Is it possible to rectify mistakes at this point in time ? Anyone any experience of this predicament ?


----------



## Shirazman (24 Apr 2021)

Why not have a look at *this link* - in particular the references to "family employment" and "prescribed relatives" and the section regarding "_*Family Employments that Are Not Covered for Social Insurance (PRSI)*_".    As you will see, it's a complex area.


----------



## Clamball (24 Apr 2021)

It may be the case that his mother is entitled to a non contributory old age pension but that is assessed on  her means, which may not entitle her to any if she still owns the farm and or the business.  

My dad was not entitled to the OAP either because he was a farmer and still had means.


----------



## NoRegretsCoyote (24 Apr 2021)

Susie2017 said:


> He was working for the family business from the start.


Could you give us more of an idea about the nature of business and his employment patterns?

It seems odd that he paid so many PRSI classes.

Class J seems to be for people with income <€38 a week.


----------



## Susie2017 (24 Apr 2021)

I cant give anymore detail to preserve confidentiality. I see class M is for people under the age if 16  even though he was much older than that when the accountant used this rate. His income exceeded the minimum wage at all times. Will need to look back to see exactly what he earned. There seems to be no logic to the changing between rates. A dogs dinner sounds about right. But is there any angle of recourse. Can you report your accountant to a professional body ? In relation to his mother she does not own the farm. She got no old age pension. The farm was divided between two other sons. Incidentally I have two aunts who both got state pensions ? Non contributory even though they were farmers wives who never worked outside the farm/ home setting. How did they manage to get them but yet this gentleman's did not ?


----------



## Shirazman (25 Apr 2021)

Susie2017 said:


> I cant give anymore detail to preserve confidentiality. I see class M is for people under the age if 16  even though he was much older than that when the accountant used this rate. His income exceeded the minimum wage at all times.



I think that the conditions for some PRSI Classes including M may have changed over the years.    (My missus paid at Class M for a number of years when her only income came from correcting Leaving Cert scripts - and she was well over the age of 16!)  



Susie2017 said:


> There seems to be no logic to the changing between rates. A dogs dinner sounds about right.

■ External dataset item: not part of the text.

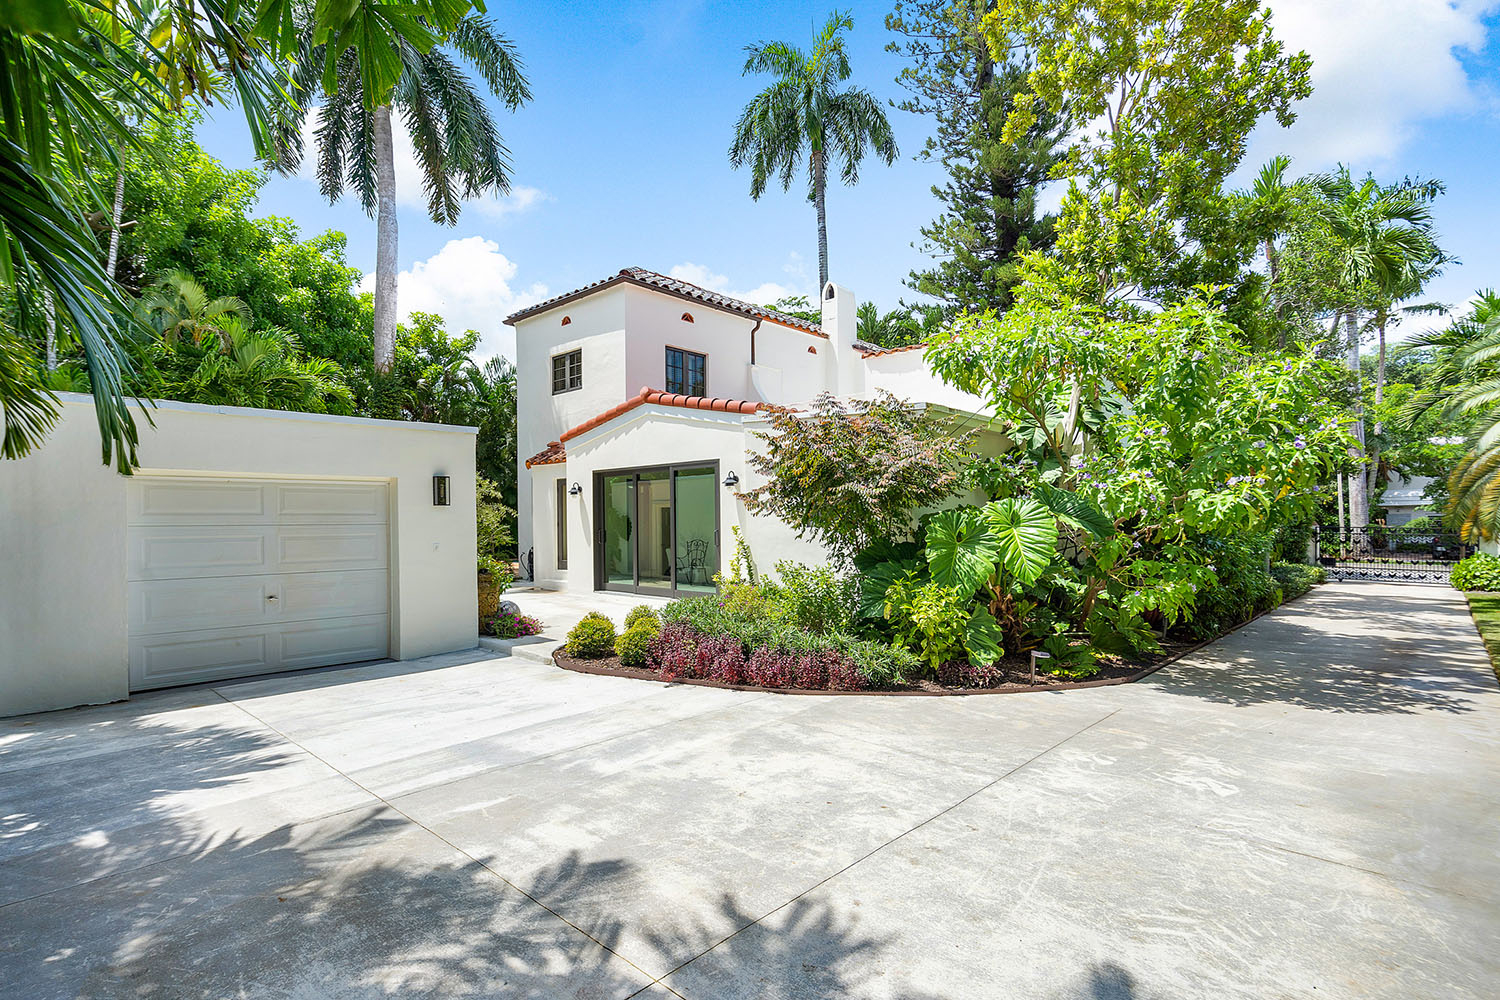 Miami Luxury Home for Sale: 634 NE 56 Street in Prestigious Morningside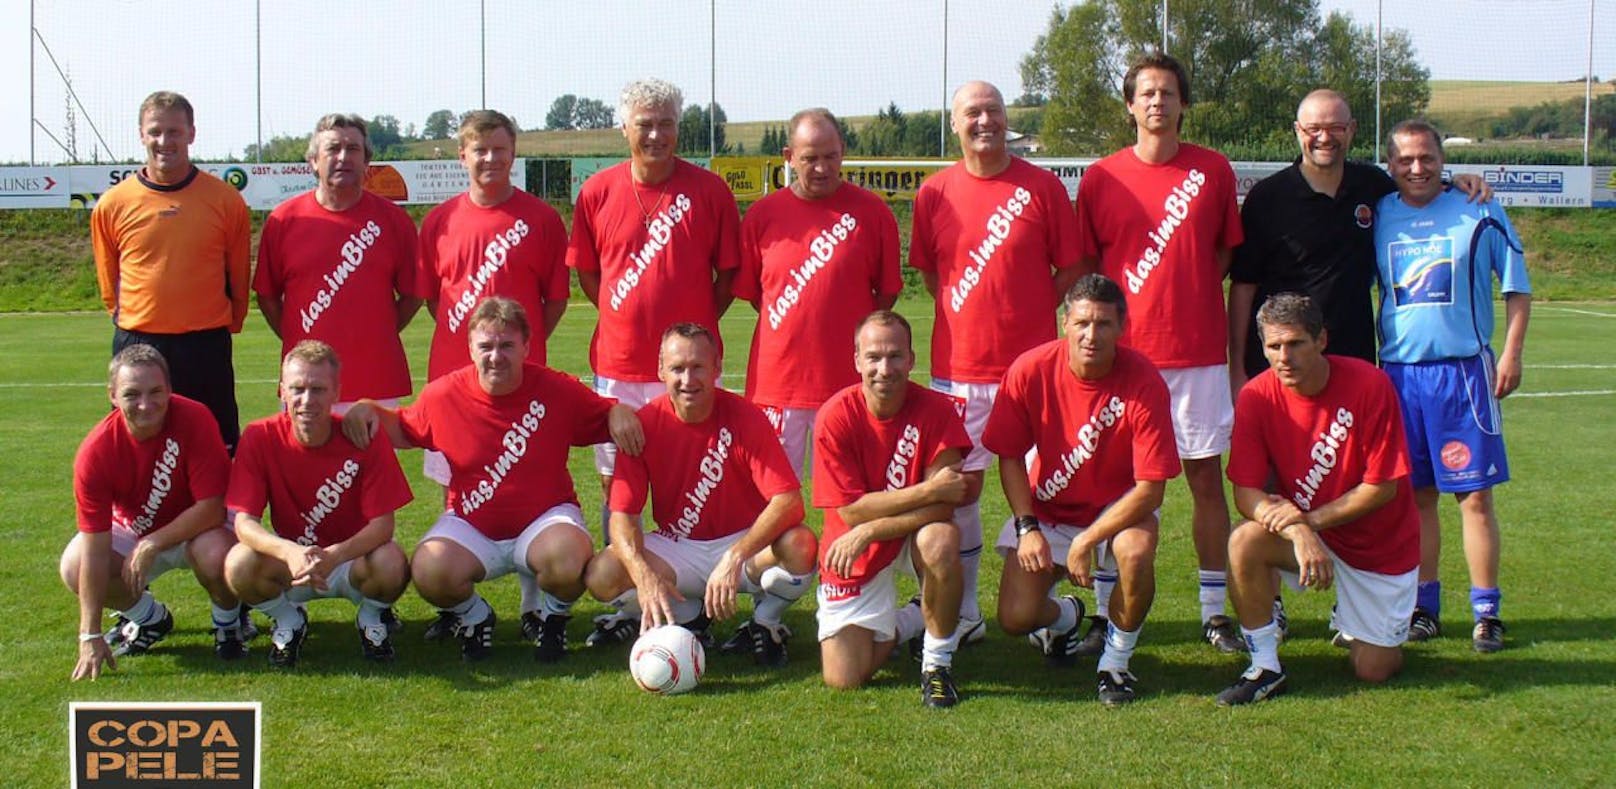 Zuletzt sorgte das Copa-Pele-Team mit dieser Formation für Furore.

Agreed - but before condemning the accountant, we need to know all of the facts.



Susie2017 said:


> But is there any angle of recourse. Can you report your accountant to a professional body ?


Yes - but it's the nuclear option!     First establish the facts and then decide on what action is required.  



Susie2017 said:


> In relation to his mother she does not own the farm. She got no old age pension. The farm was divided between two other sons. Incidentally I have two aunts who both got state pensions ? Non contributory even though they were farmers wives who never worked outside the farm/ home setting. How did they manage to get them but yet this gentleman's did not ?



To answer that in respect of an 86 year old woman, I'd need to know the conditions that applied to the State Contributory and non-Contributory Pensions from 21 years ago, as well as the eligibility criteria that applied to the widow's pension (if she applied for one) whenever  her spouse died.    I'd also need to know what means information she provided and what reasons the DSW gave for not awarding her a pension.
Did her spouse get the Contributory OAP?   Did he apply for the Qualified Adult payment?  If not, why not?   And so on. 

In short, you can't expect comprehensive answers without providing comprehensive information.

As for the other two ladies, that's a red herring, but presumably the means information that they provided in their applications to DSW meant that they satisfied the criteria for the payment of the N-C pension.   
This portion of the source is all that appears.